What is wanted is every line below from the one with "OCBS-D5000 restaurant tenu" up to and including the one with "French linen sheet, White linen, monogram", retyped exactly, pictures excluded, nothing else.

==== Data for analysis

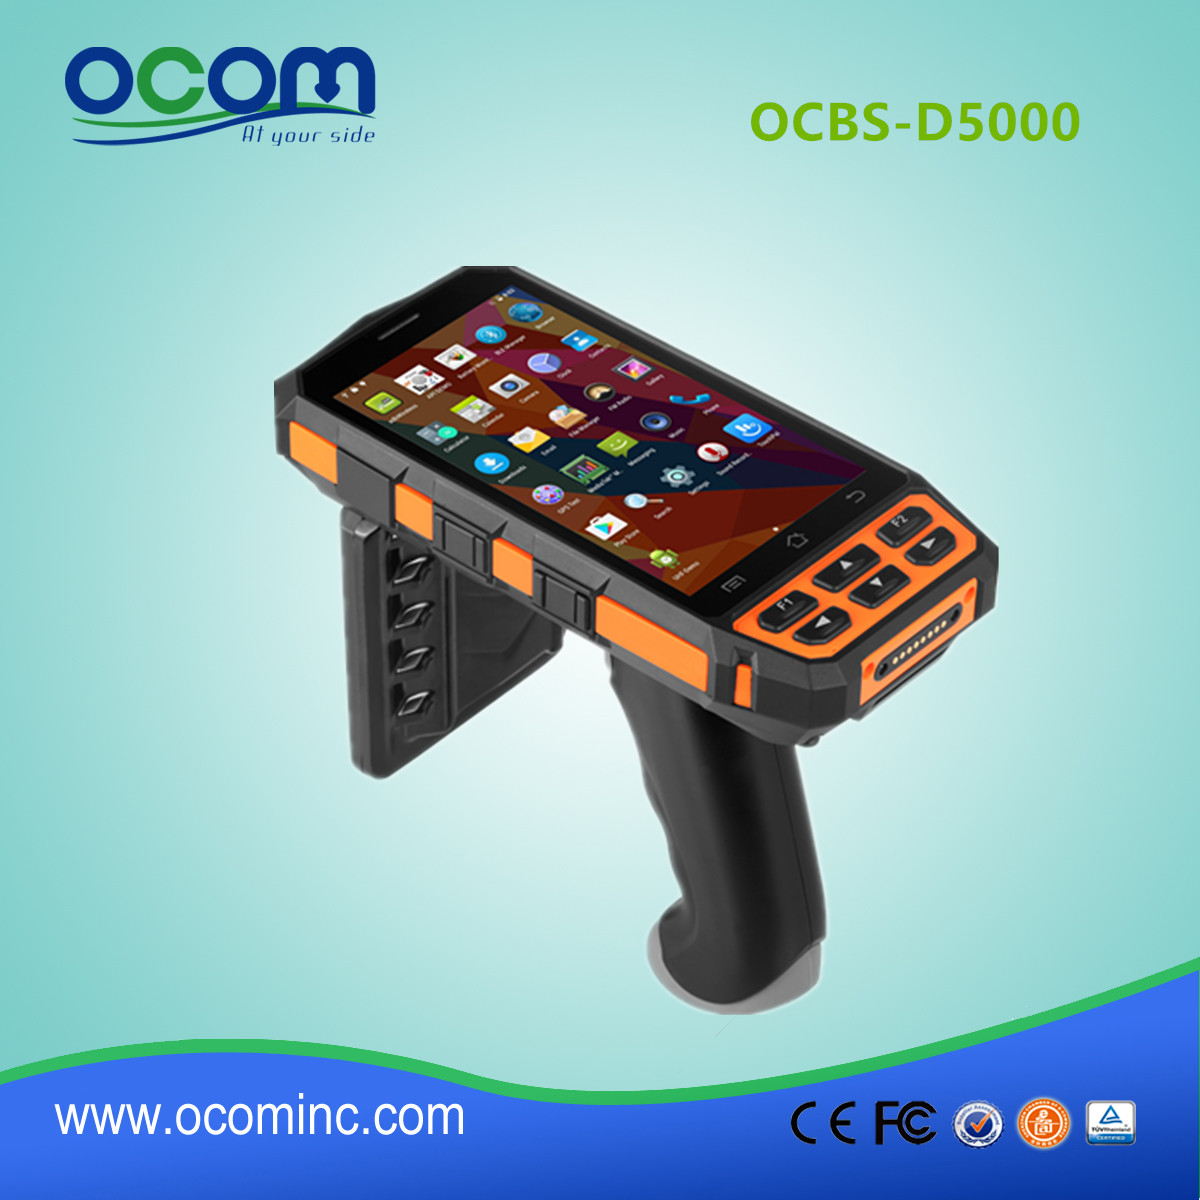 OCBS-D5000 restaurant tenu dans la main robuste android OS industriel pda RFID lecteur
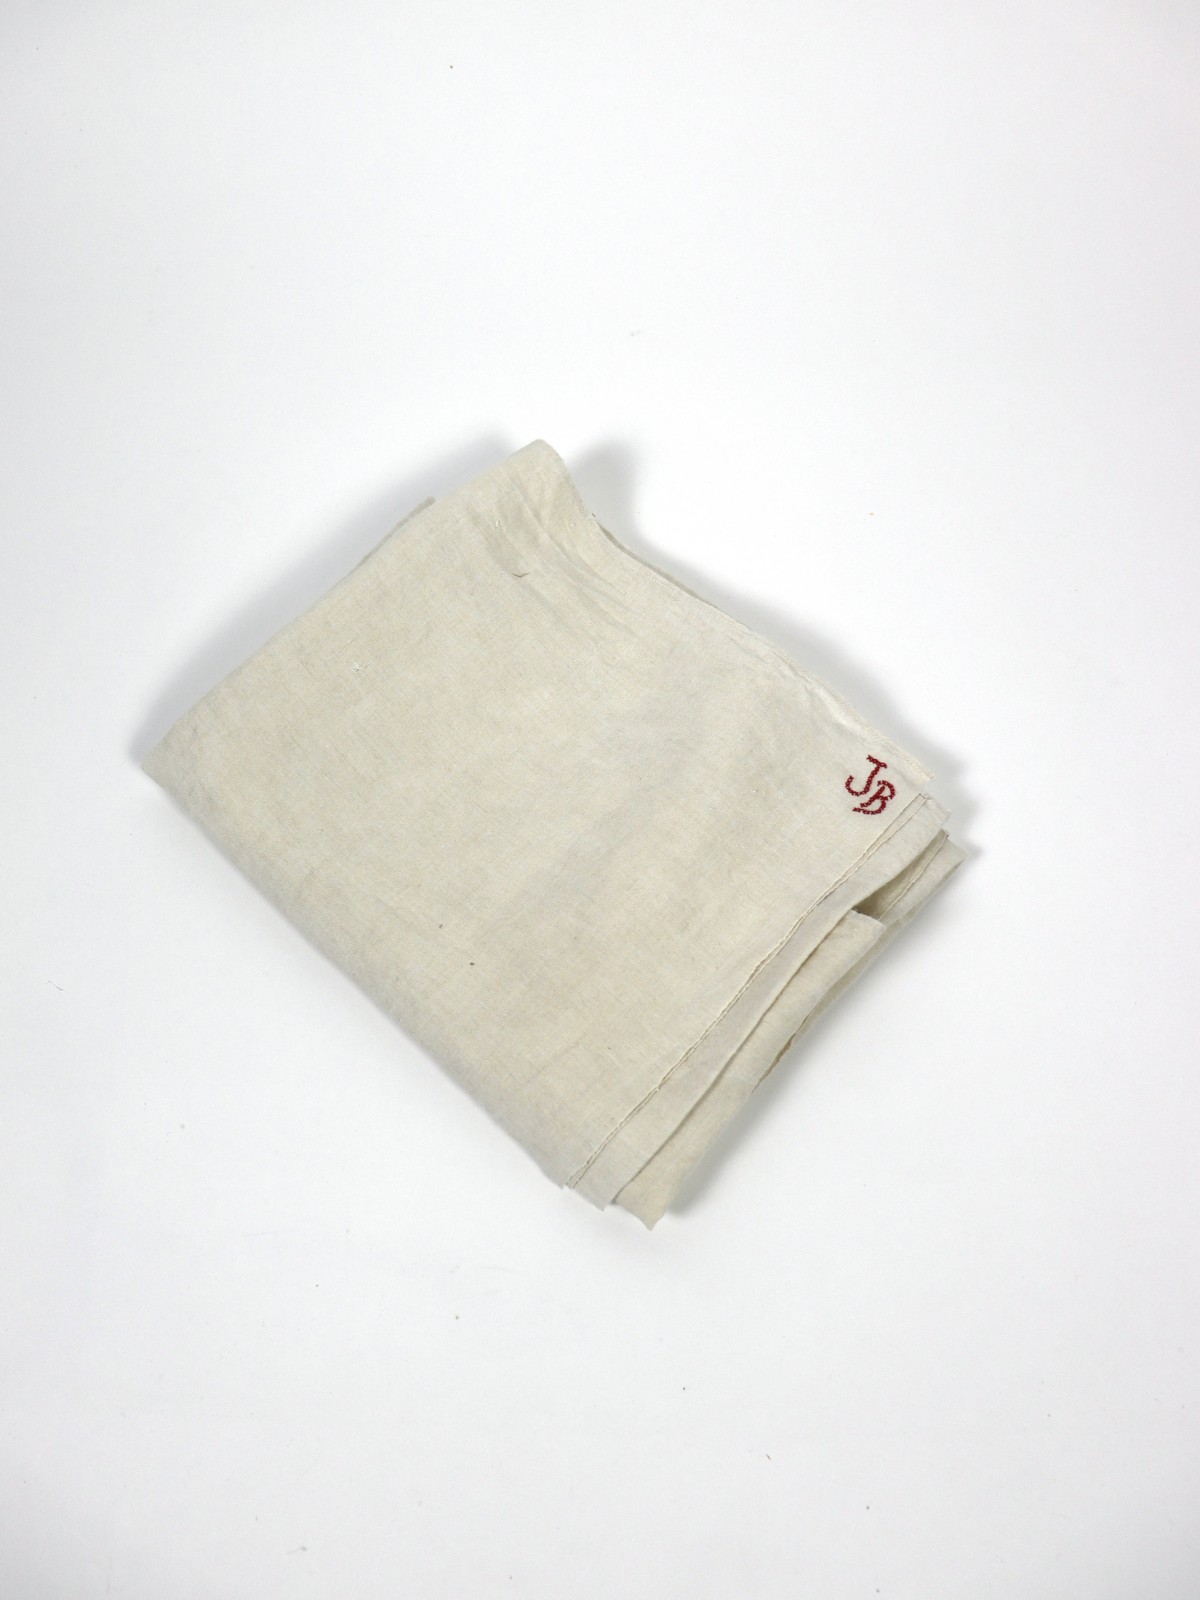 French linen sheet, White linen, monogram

========
==== Data for analysis

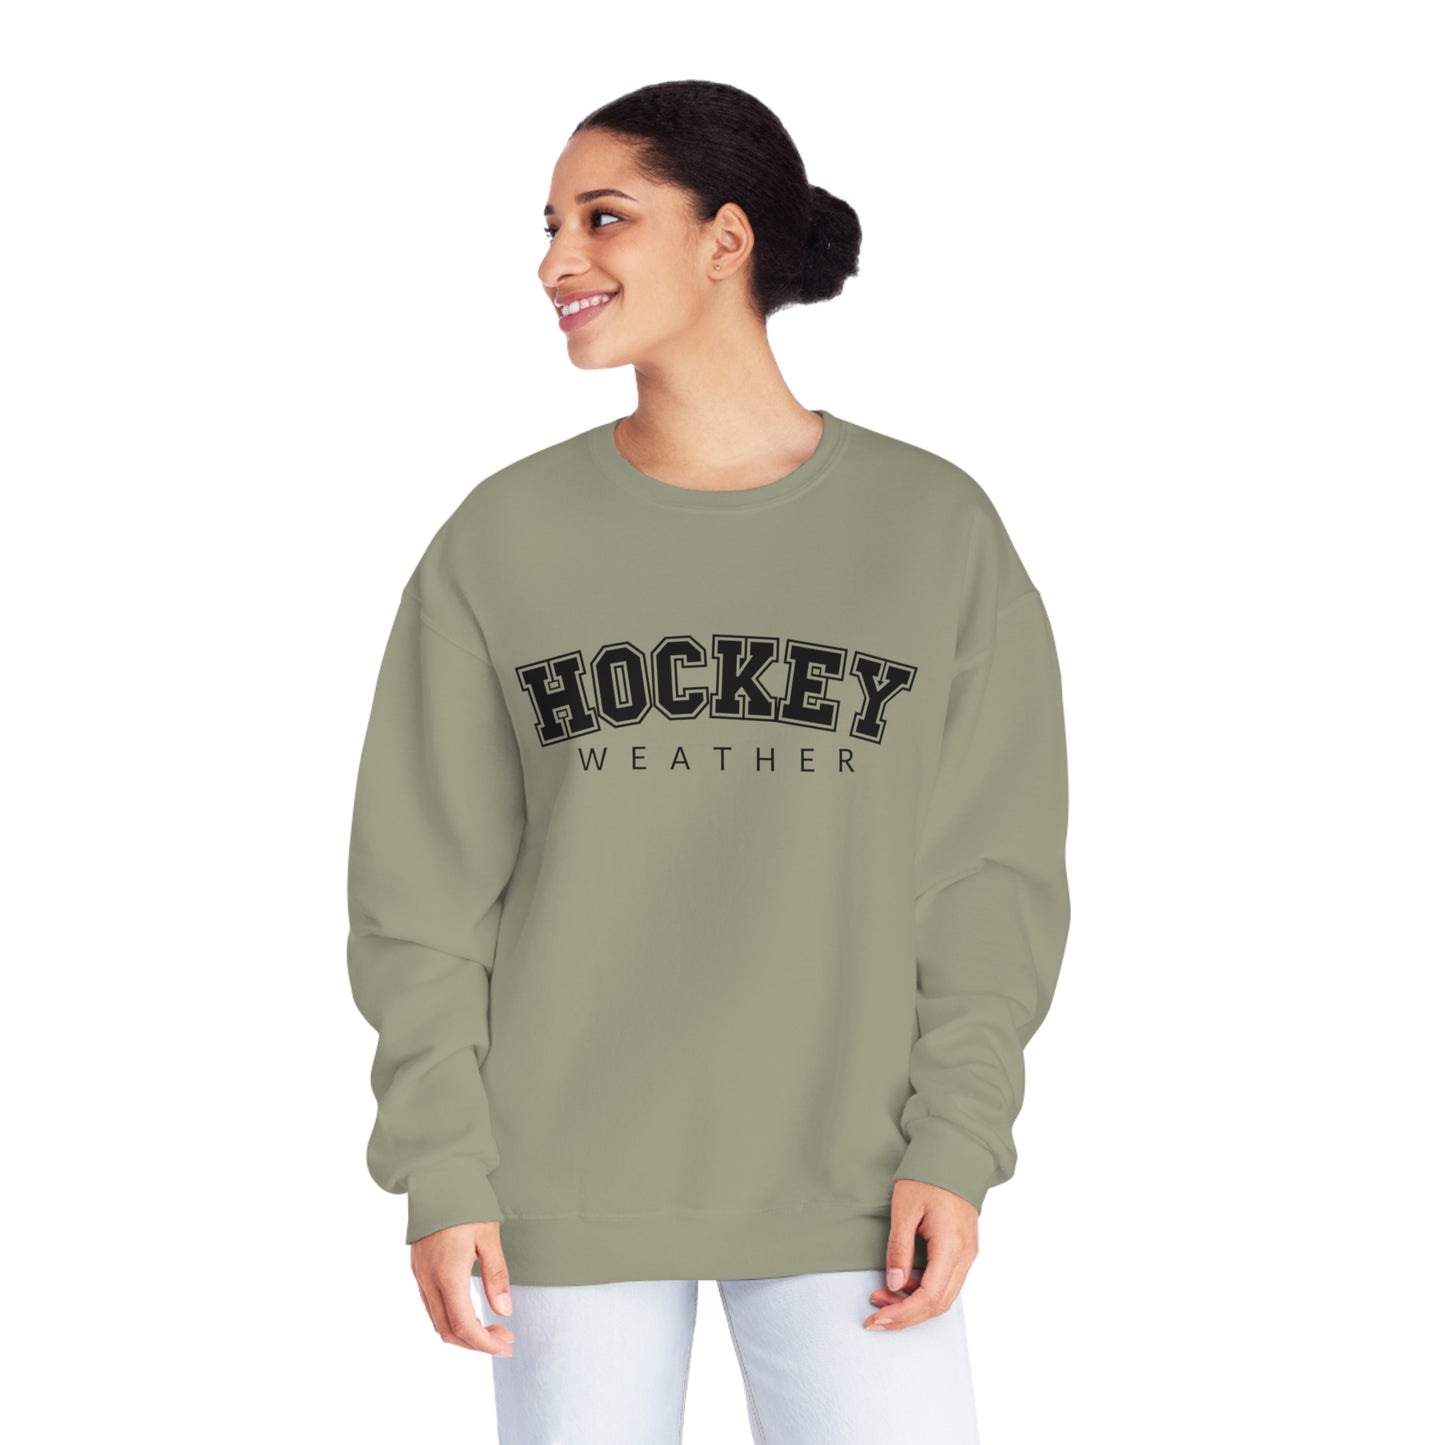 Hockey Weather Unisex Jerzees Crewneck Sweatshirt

========

▸ **Solution for this exercise**:
 OCBS-D5000 restaurant tenu dans la main robuste android OS industriel pda RFID lecteur
 French linen sheet, White linen, monogram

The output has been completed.